Abuse of the Internet is getting worse. I used to get some Spam – now I get inundated. It’s a plague. Every other e-mail offers me improved Broadband phone connections, opportunities to have my genitalia enlarged (does anyone ever need them shrinking?), domain registration offers, fake academic degrees, and Viagra (usually spelt ViAgGGra or similar to avoid Spam filters.
Another popular one is making money on the Internet. This usually involves sending someone a cheque for their tips on how to make money that way – which presumably involves telling everyone online that you have tips on how they can make money online if they send you a cheque.

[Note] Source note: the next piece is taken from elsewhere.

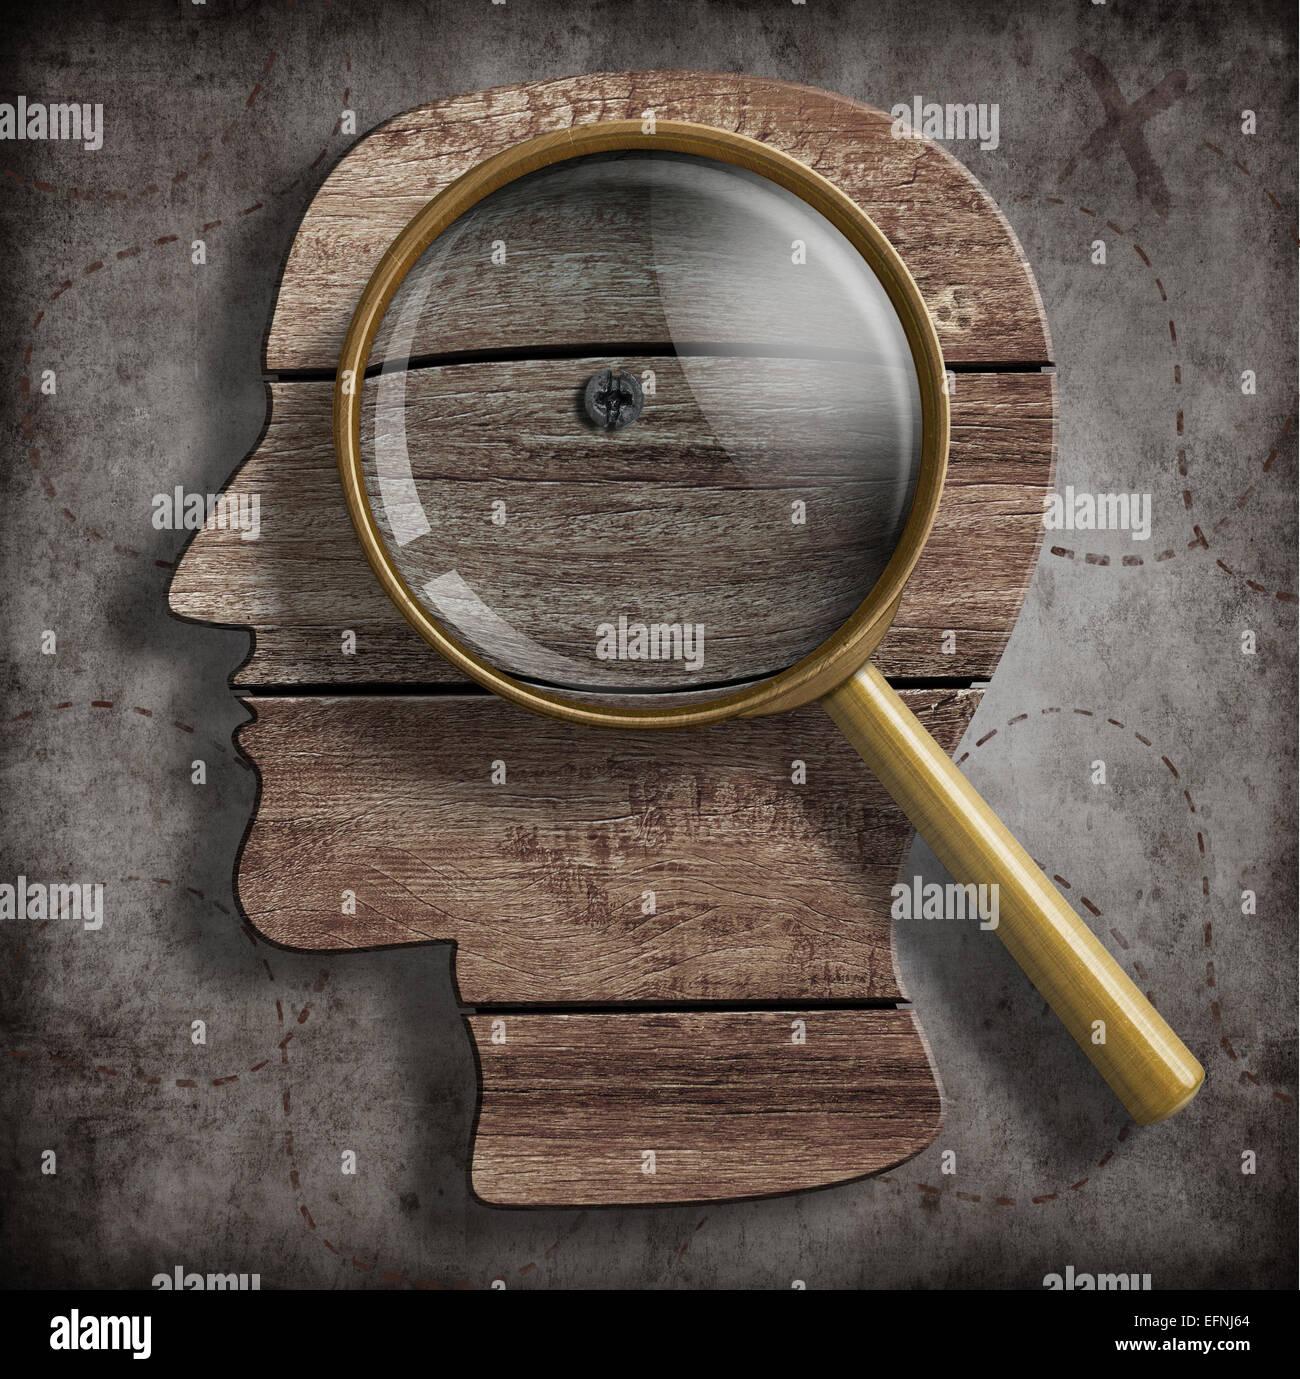 Cerebro o psicología problema research concept Imagen De Stock

With spam filters and service providers blocking out many legitimate messages, the spammers seem to have an easy time of it. No one ever seems to arrest them for promoting goods and services through ads that would never be approved by the British Advertising standards authority (ASA). You can’t offer guaranteed longevity, hair restoration pills, or sex appeal anywhere else, but spammers do it all the time. Some are such obvious charlatans that it is incredible that anyone could fall for it. When someone tells me he is the president of a banana republic and invites me to share his millions if I just give him my credit card details, am I to be forgiven for thinking he might be a thief?
On Myspace http://www.myspace.com/56954240 somebody was sending out spam convincingly using my ID – luckily, they got stopped quickly.
The saddest aspect of Spam is its hijacking of the name of a fine meat product and a Monty Python Sketch.